If I'm not crazy, area under the graph of the function $f$ between $x=a$ and $x=b$ is given by formula: $\displaystyle \int_a^b|f(x)|\mbox{d}x$. But I tried to count it for every polynomial and I got the wrong result. Is it difficult?
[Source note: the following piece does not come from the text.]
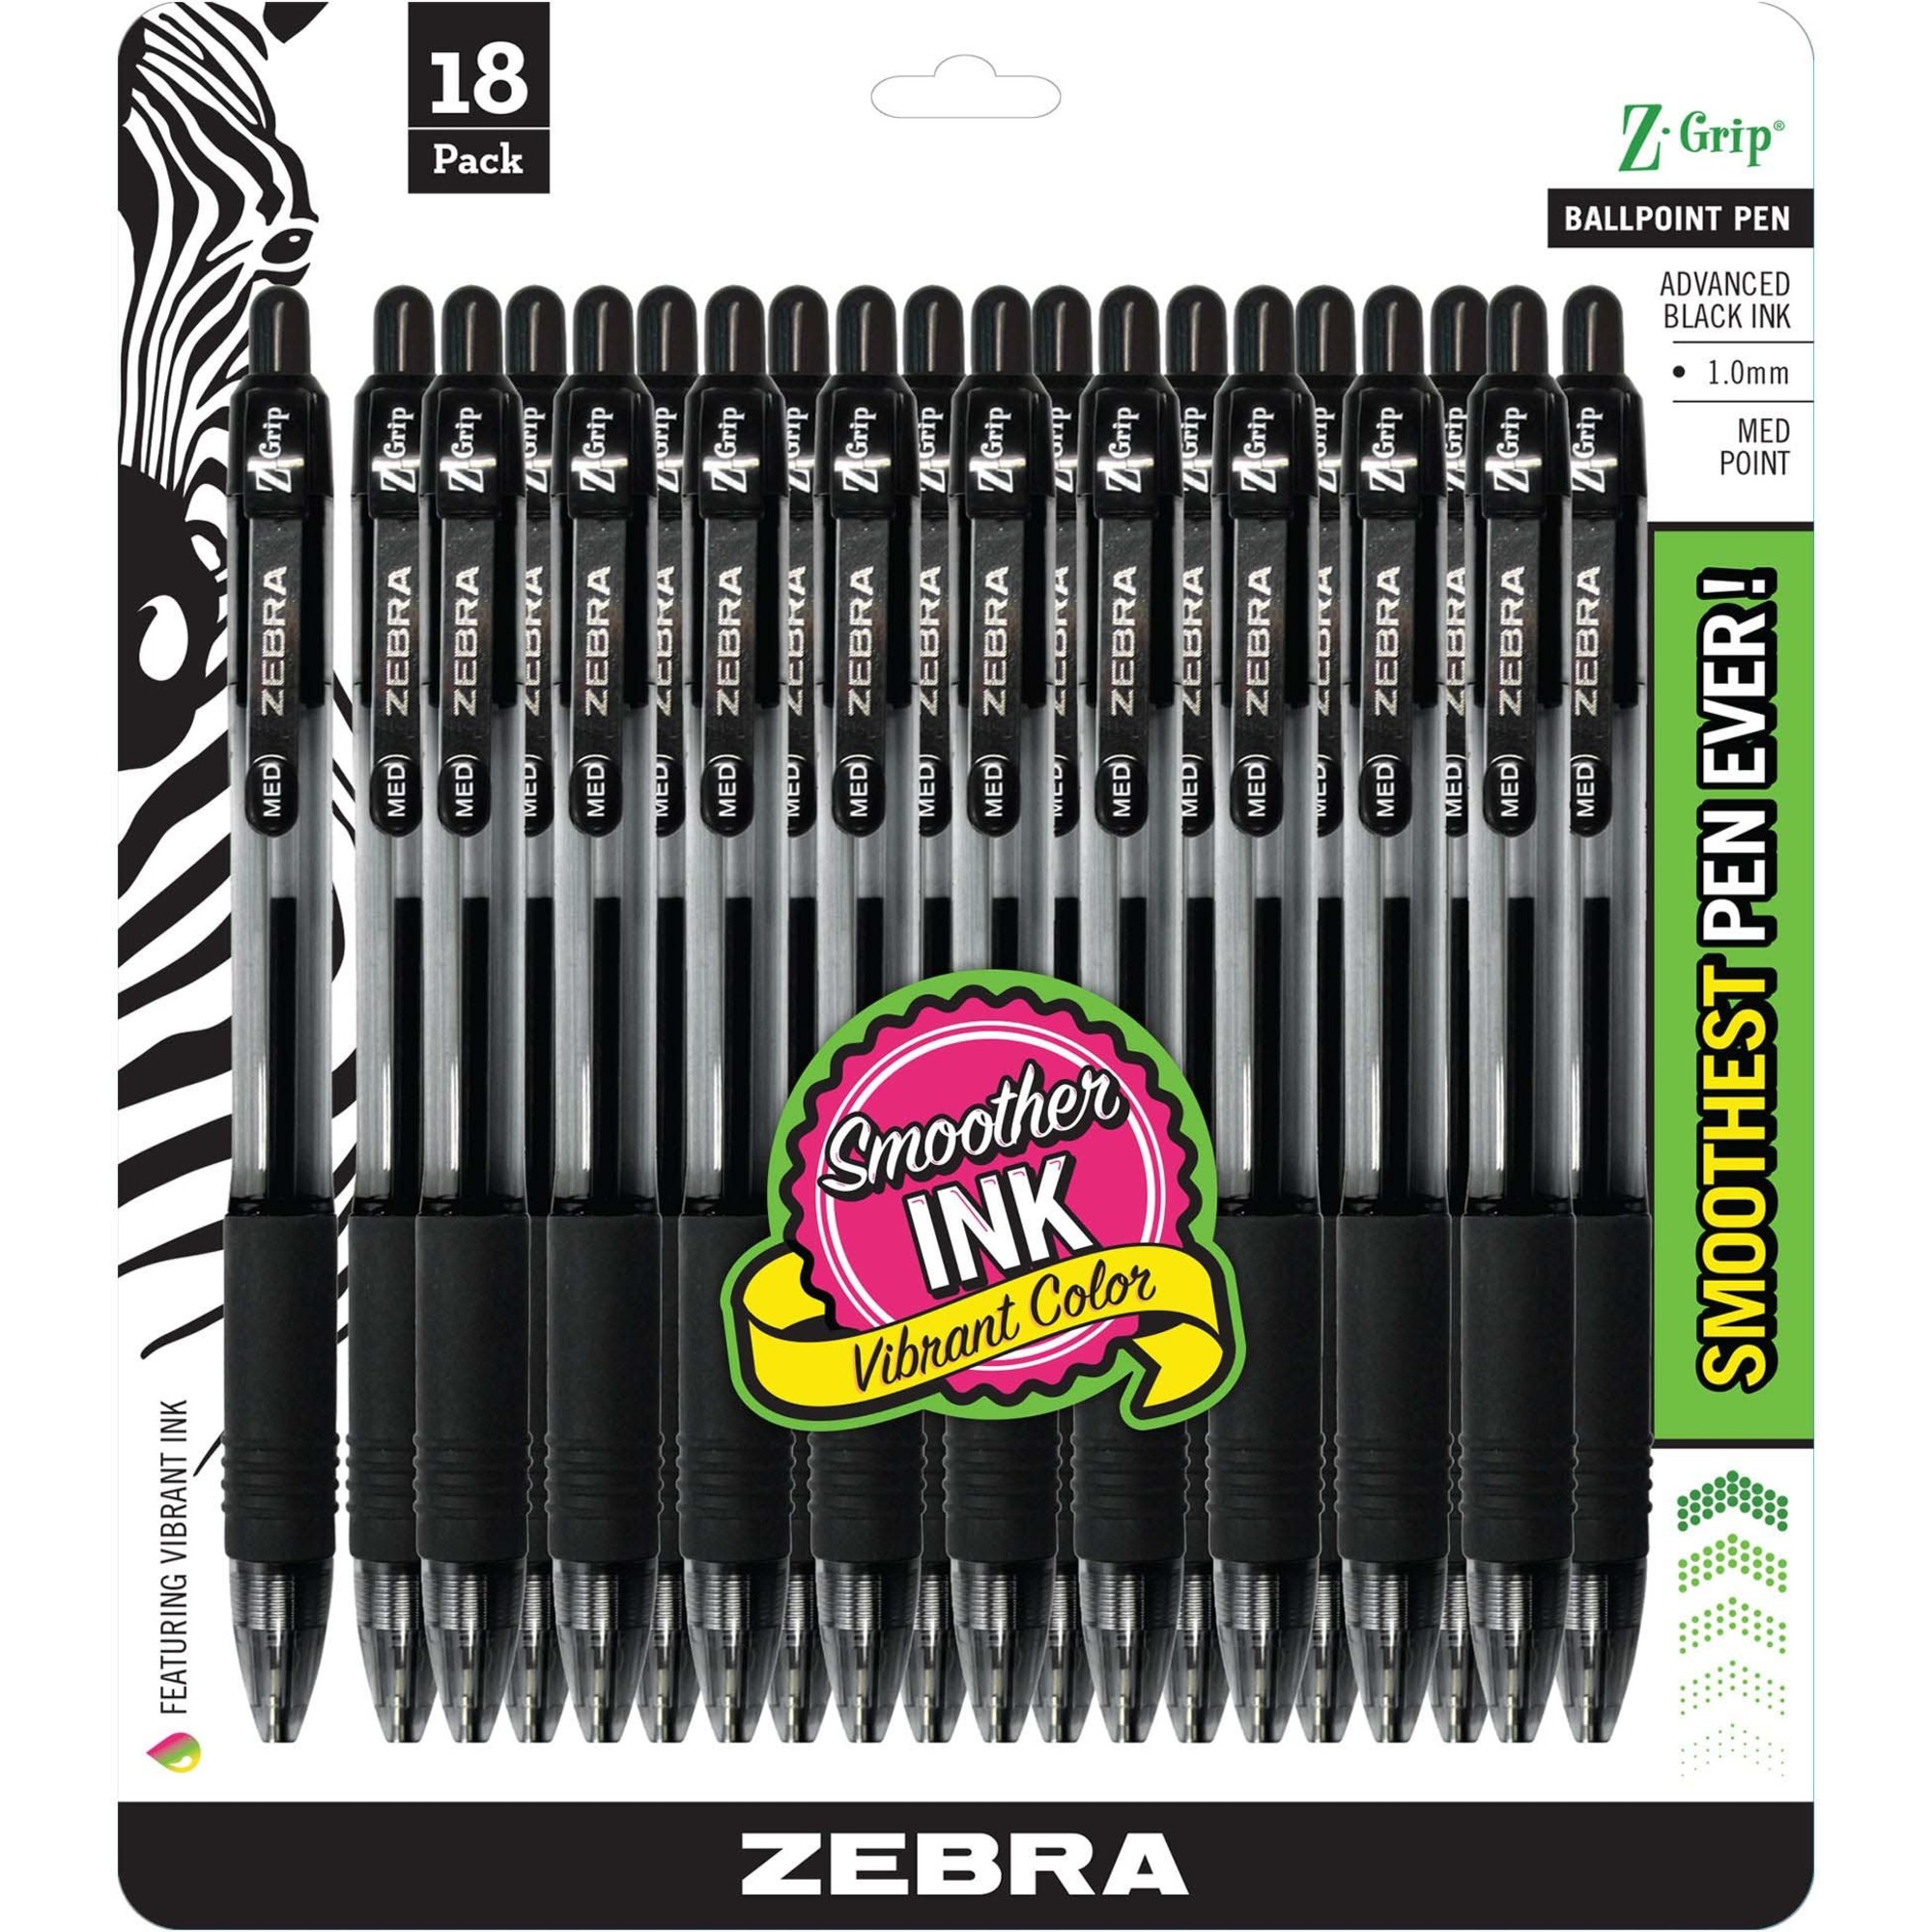 7 pcs High Gloss Powder Color Neutral Pen 0.8mm Ballpoint Writing Pens for  Journal Album

My approach was that:
Let $f$ be any polynomial and $F'=f$. By integration by parts: $\int_a^b |f(x)|\mbox{d}x=\int_a^b f(x)\cdot \mbox{sgn}(f(x))\mbox{d}x= \\=F(x)\cdot\mbox{sgn}(f(x))\Big|_a^b - \int_a^b F(x)\cdot \mbox{sgn}'(f(x)) \mbox{d}x= F(x)\cdot\mbox{sgn}(f(x))\Big|_a^b$ because $\mbox{sgn}'(x)=0$ for all $x\in \mathbb{R}$.
But let $f(x)=x^2-5x+4$ and $a=0, \ b=5$, then $\int_a^b|f(x)|\mbox{d}x=\frac{49}{6}$ by WolframAlpha and with my method $F(x)\cdot\mbox{sgn}(f(x))\Big|_a^b=-\frac{5}{6}$.
Where I made a mistake?